**Work instruction:** Your reply should reproduce each line below exactly and carry none of the pictures.

**Supplied data:**
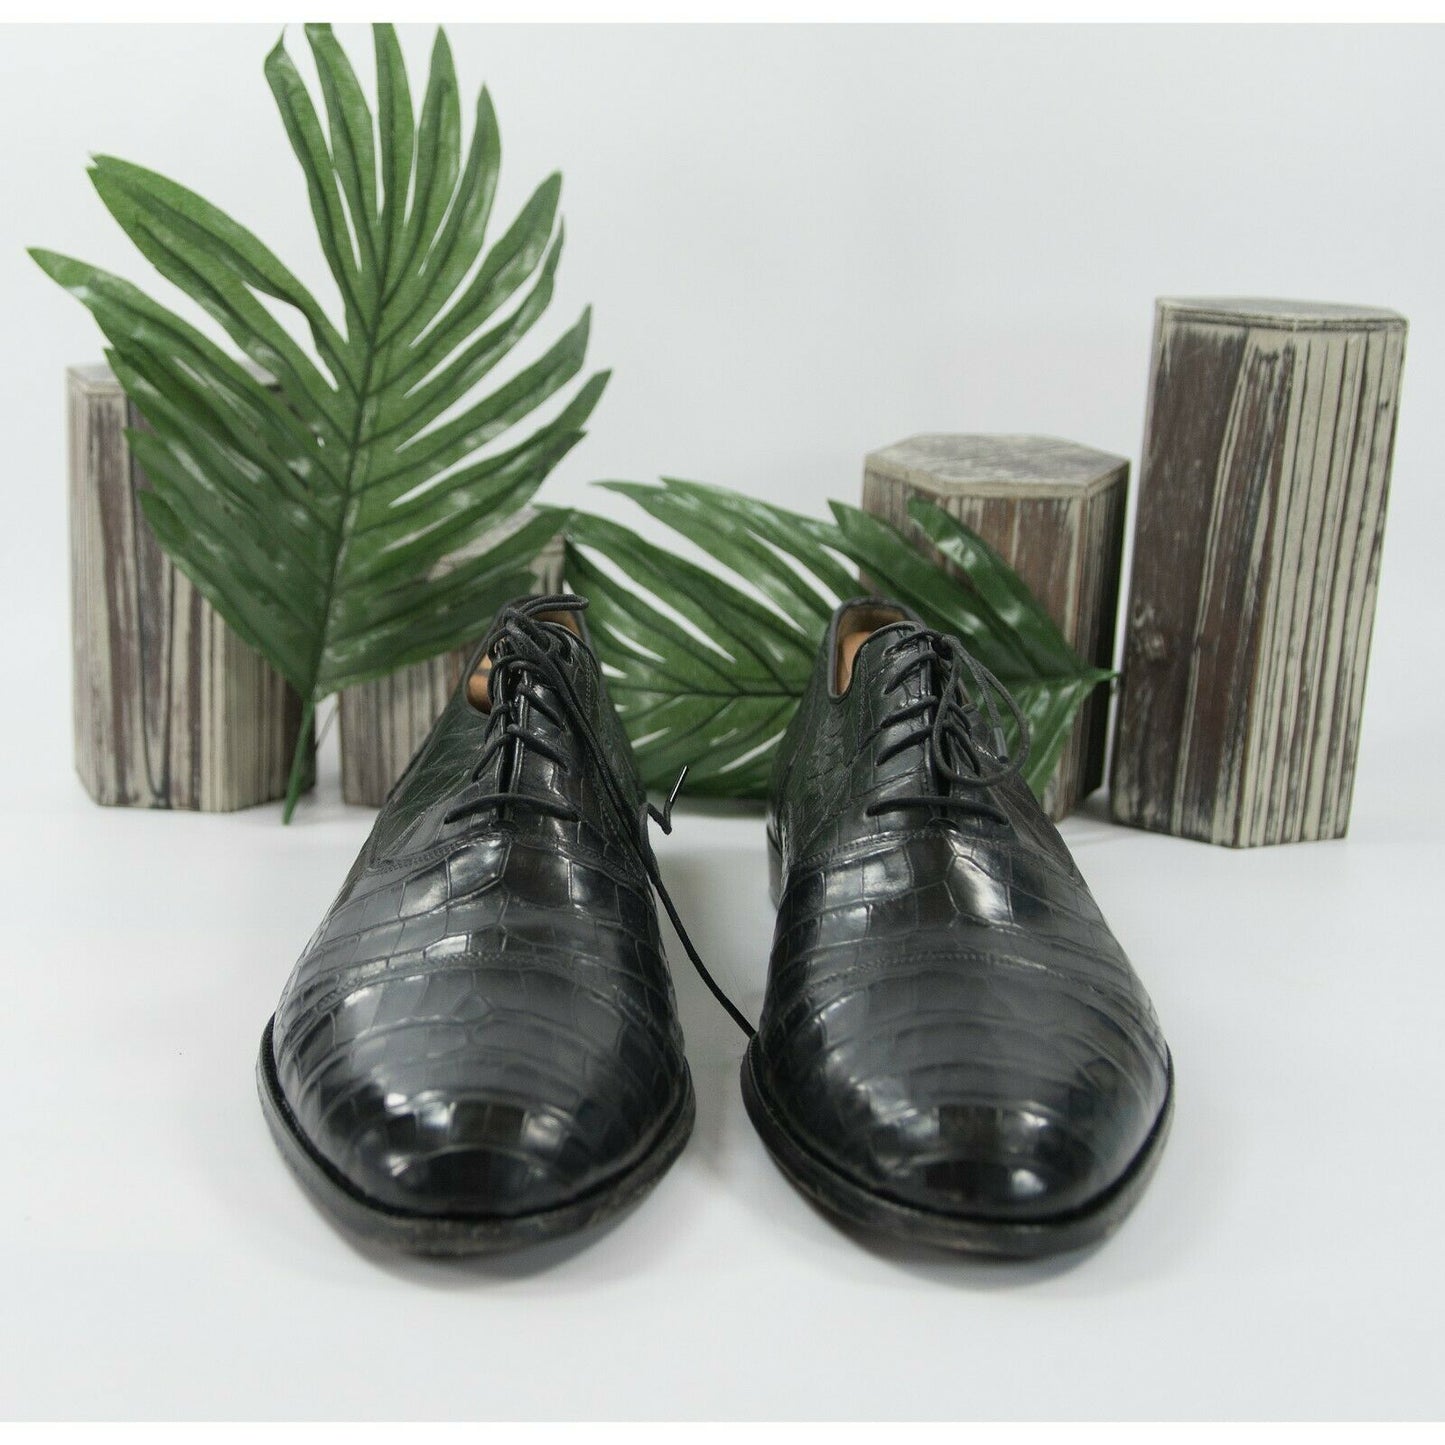 Davanzati Black Croc Leather Lace Up Oxford Loafer Shoes Size 13
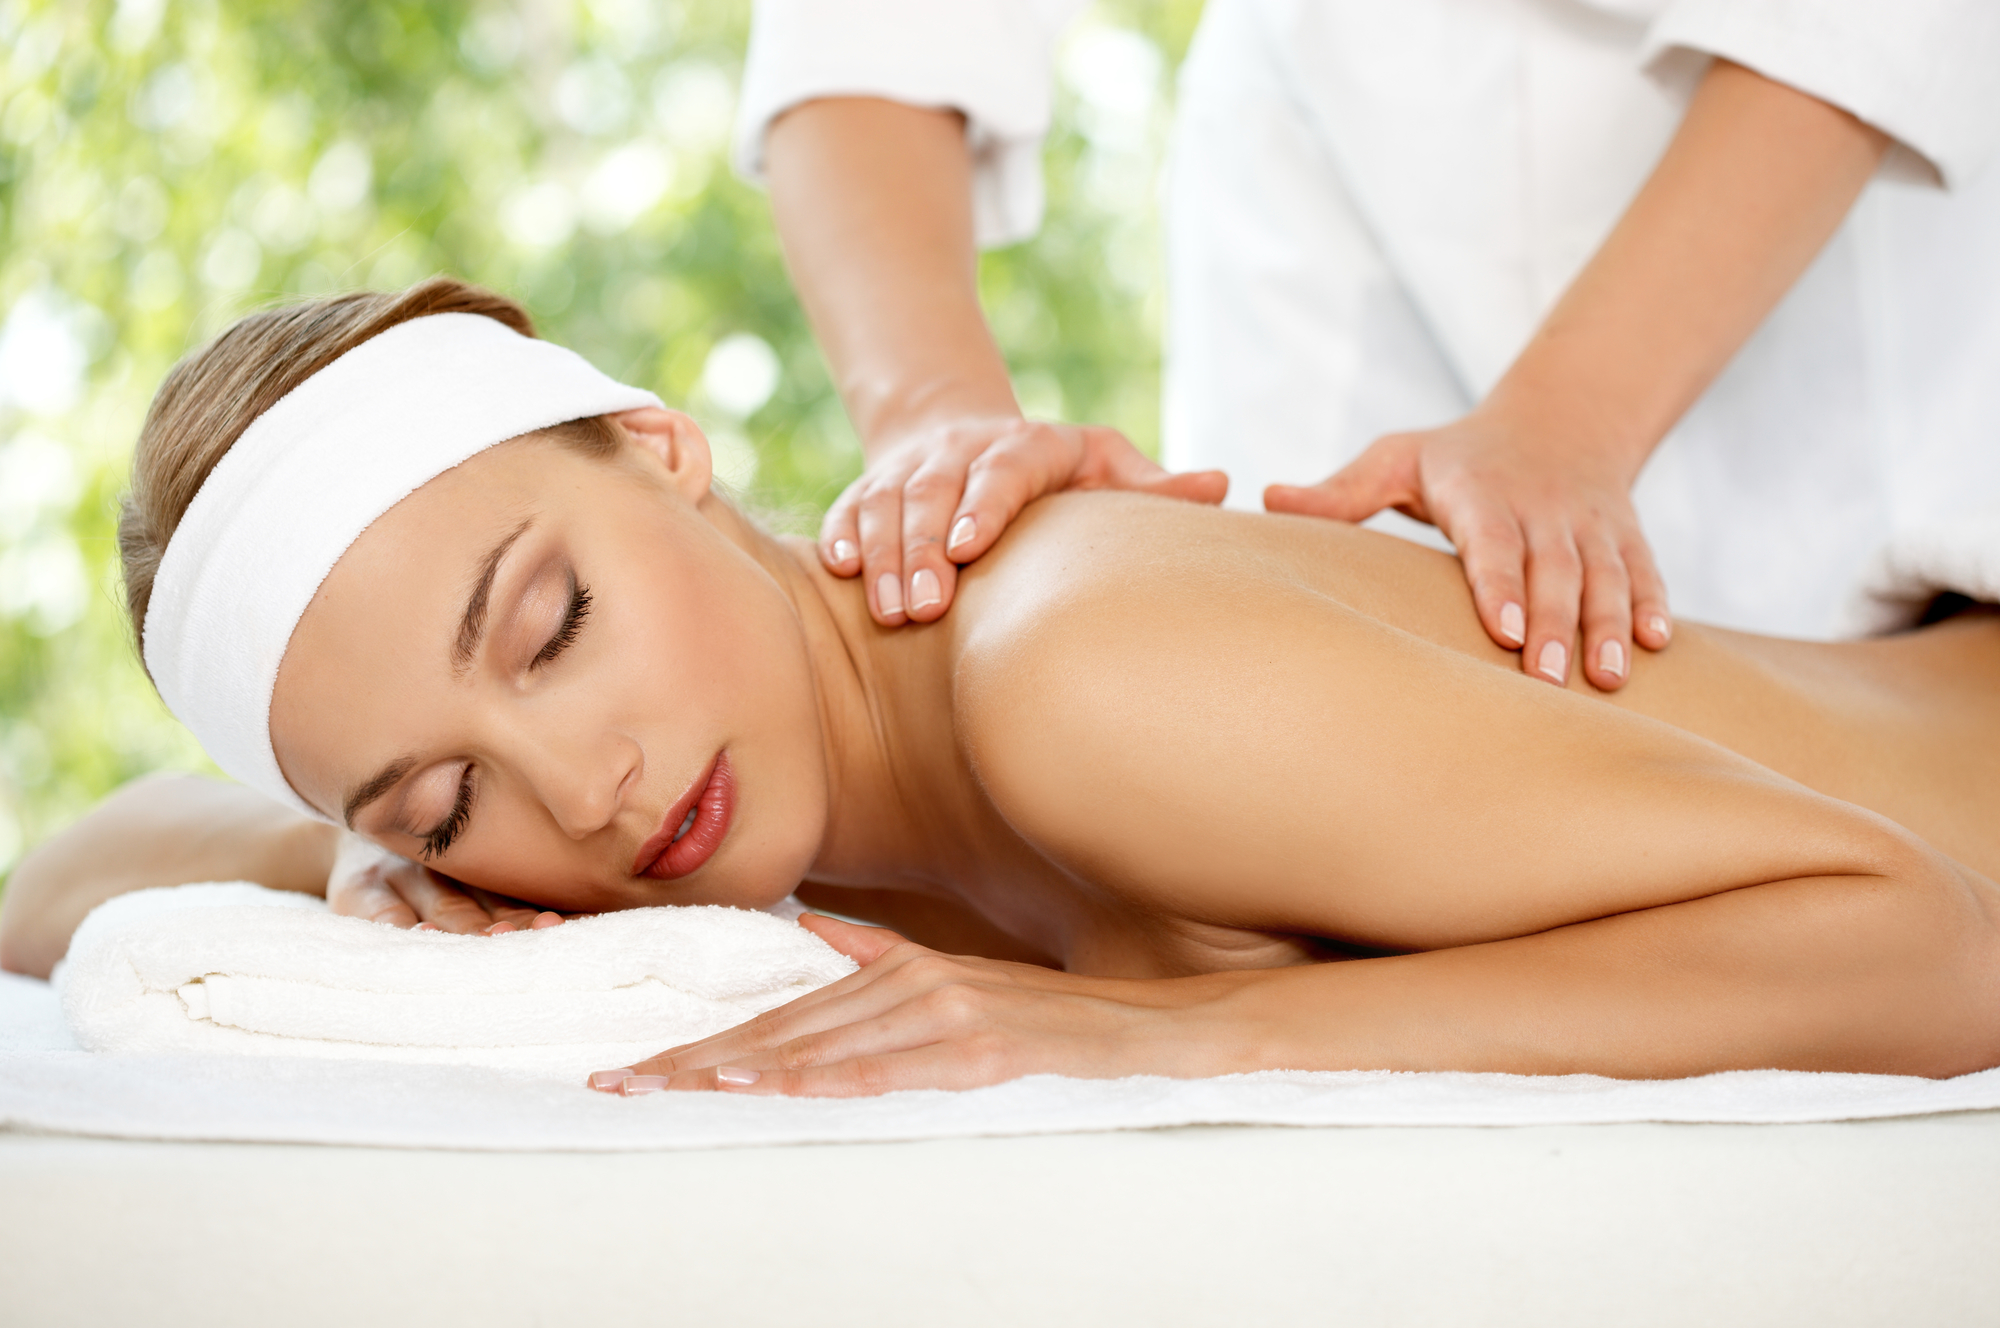 Massage Services - Bliss Thai Massage and Beauty Therapy - Massage treatment
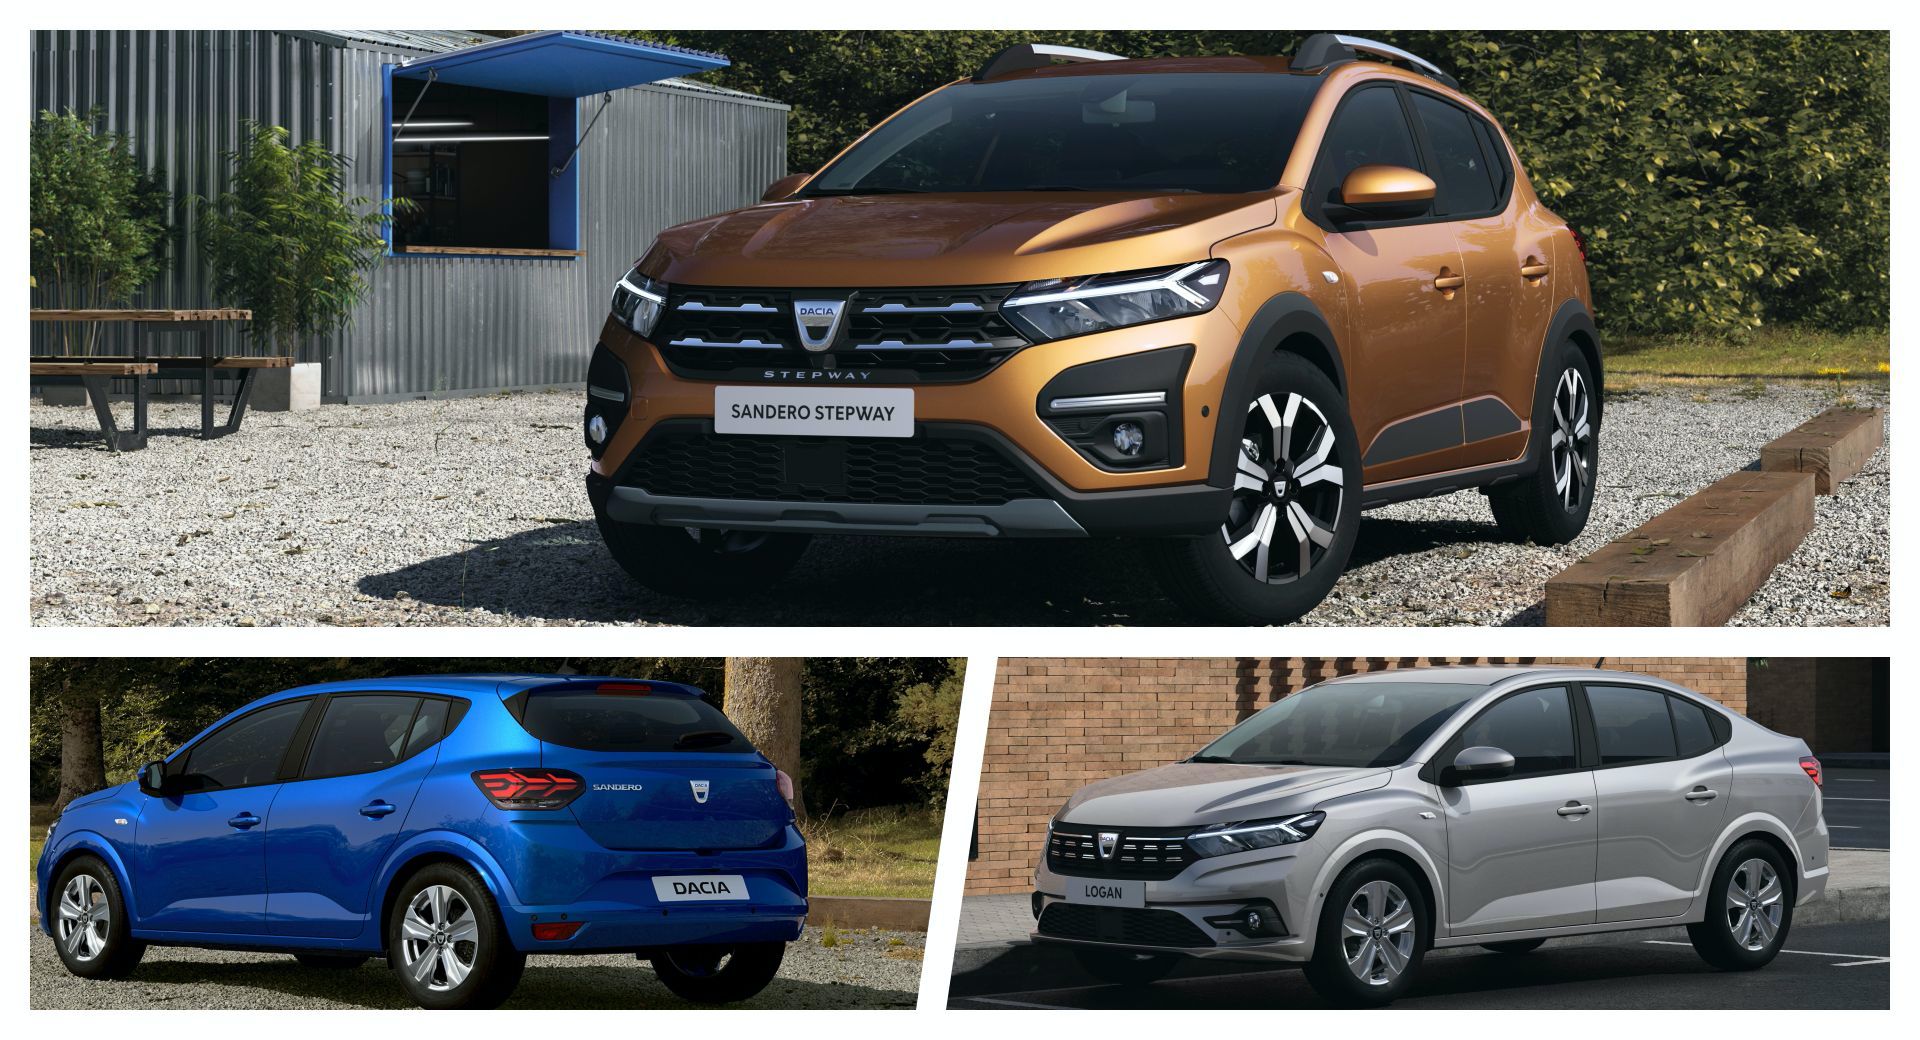 First Drive Review: Dacia Sandero and Sandero Stepway
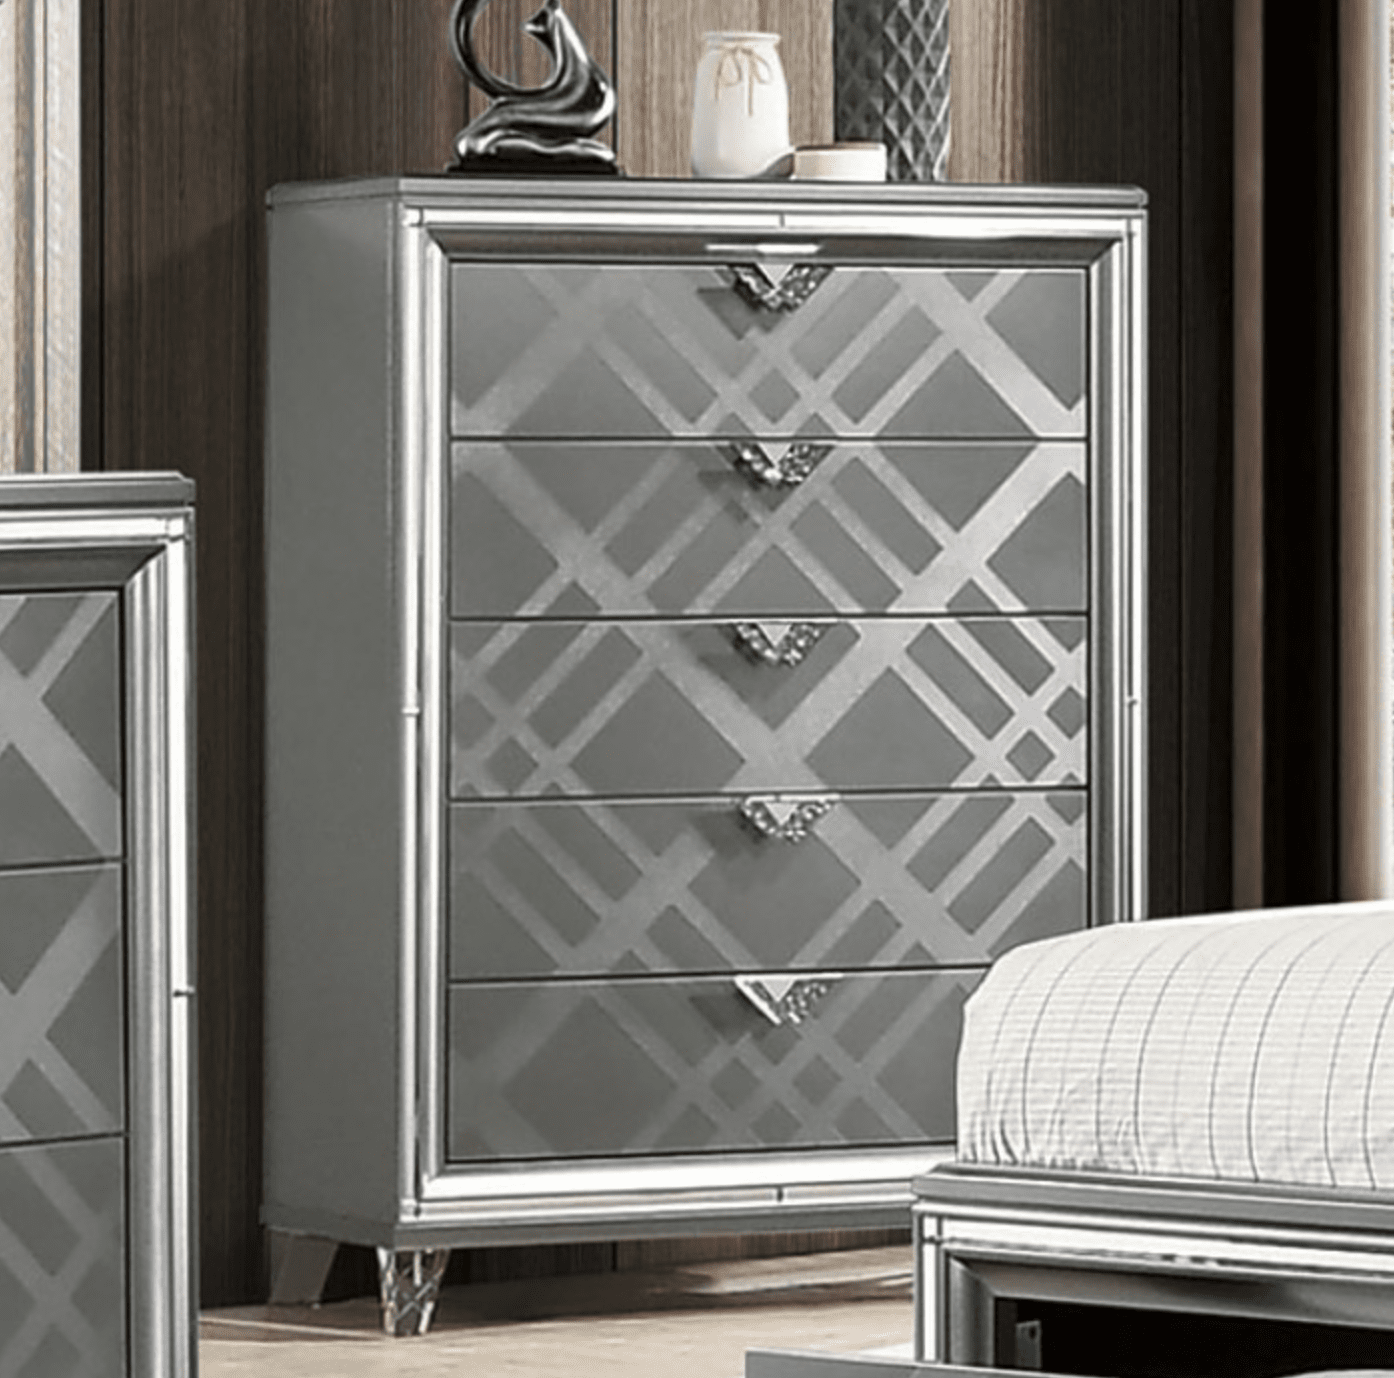 Emmeline Art Deco Style Queen Bed - Furniture of America 7147

**Problem solution:**
 Davanzati Black Croc Leather Lace Up Oxford Loafer Shoes Size 13
 Massage Services - Bliss Thai Massage and Beauty Therapy - Massage treatment
 First Drive Review: Dacia Sandero and Sandero Stepway
 Emmeline Art Deco Style Queen Bed - Furniture of America 7147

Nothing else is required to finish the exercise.